What are the normal subgroups of S3?

The normal subgroups of S3 are the identity group, \{e,(123),(132)\}, and S3 itself. To prove this, a subgroup of S_3, say N, is a normal subgroup of G if gNg^{-1} \in N for all g \in G.

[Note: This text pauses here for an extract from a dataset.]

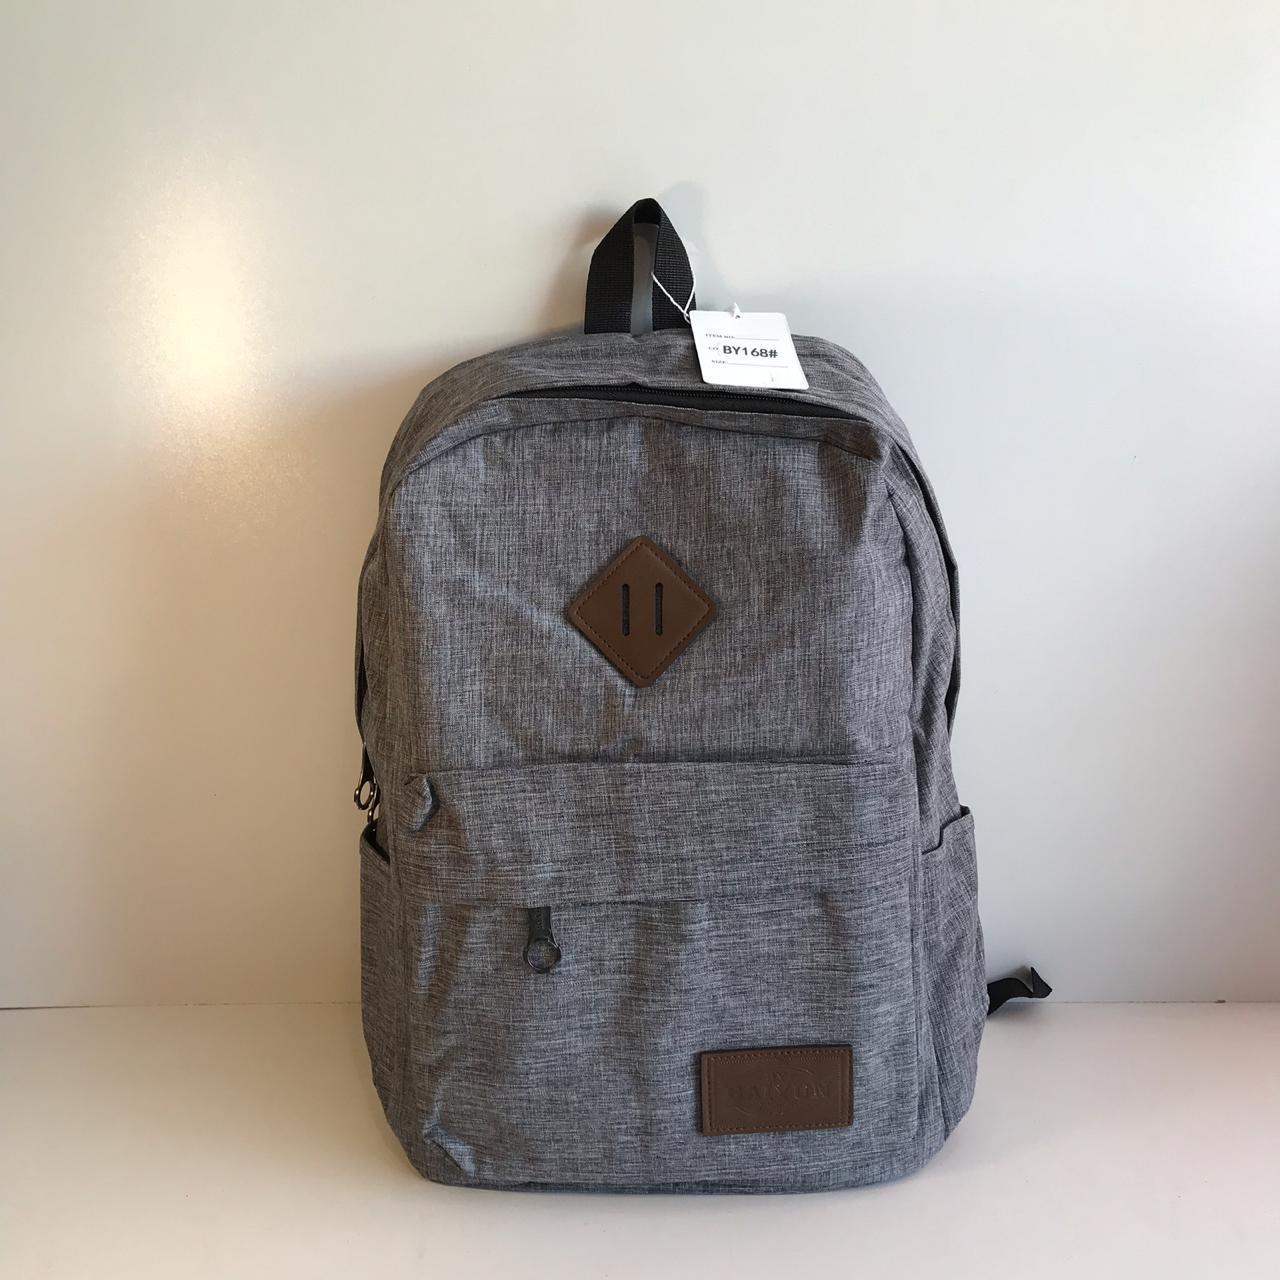 4cc2f2d174ff Мужской тканевый городской рюкзак серый, цена 370 грн., купить в ...

Proof. We start with the identity group \{e\}. This is straightforward as we get geg^{-1} = gg^{-1} = e \in \{e\} for all g \in G. Therefore \{e\} is a normal subgroup. Next, we will look at the subgroups of order 2, i.e., \{e, (12)\}, \{e, (13)\} and \{e, (23)\}. We see that none of them are normal subgroups:
\begin{align*}
(13)(12)(31) &= (23) \not \in \{e,(12)\} \\ 
(23)(13)(32) &= (12) \not \in \{e,(13)\} \\ 
(12)(23)(21) &= (13) \not \in \{e,(23)\} \\ 
\end{align*}
Our last subgroup which we need to check is the subgroup of order 3, i.e., \{e,(123),(132)\}. This is a normal subgroup because:
\begin{align*}
e(123)e &= (123) \\ 
(12)(123)(21) &= (132) \\ 
(13)(123)(31) &= (132) \\ 
(23)(123)(32) &= (132) \\ 
(123)(123)(321) &= (123) \\ 
(132)(123)(231) &= (123) \\ 
\end{align*}
and
\begin{align*}
e(132)e &= (132) \\ 
(12)(132)(21) &= (123) \\ 
(13)(132)(31) &= (123) \\ 
(23)(132)(32) &= (123) \\ 
(123)(132)(321) &= (132) \\ 
(132)(132)(231) &= (132) \\ 
\end{align*}
As S_3 is closed under composite, we have that S_3 is a normal subgroup itself. So we have proved that the identity group, the alternating group of degree 3, and S3 itself are the normal subgroups of S3.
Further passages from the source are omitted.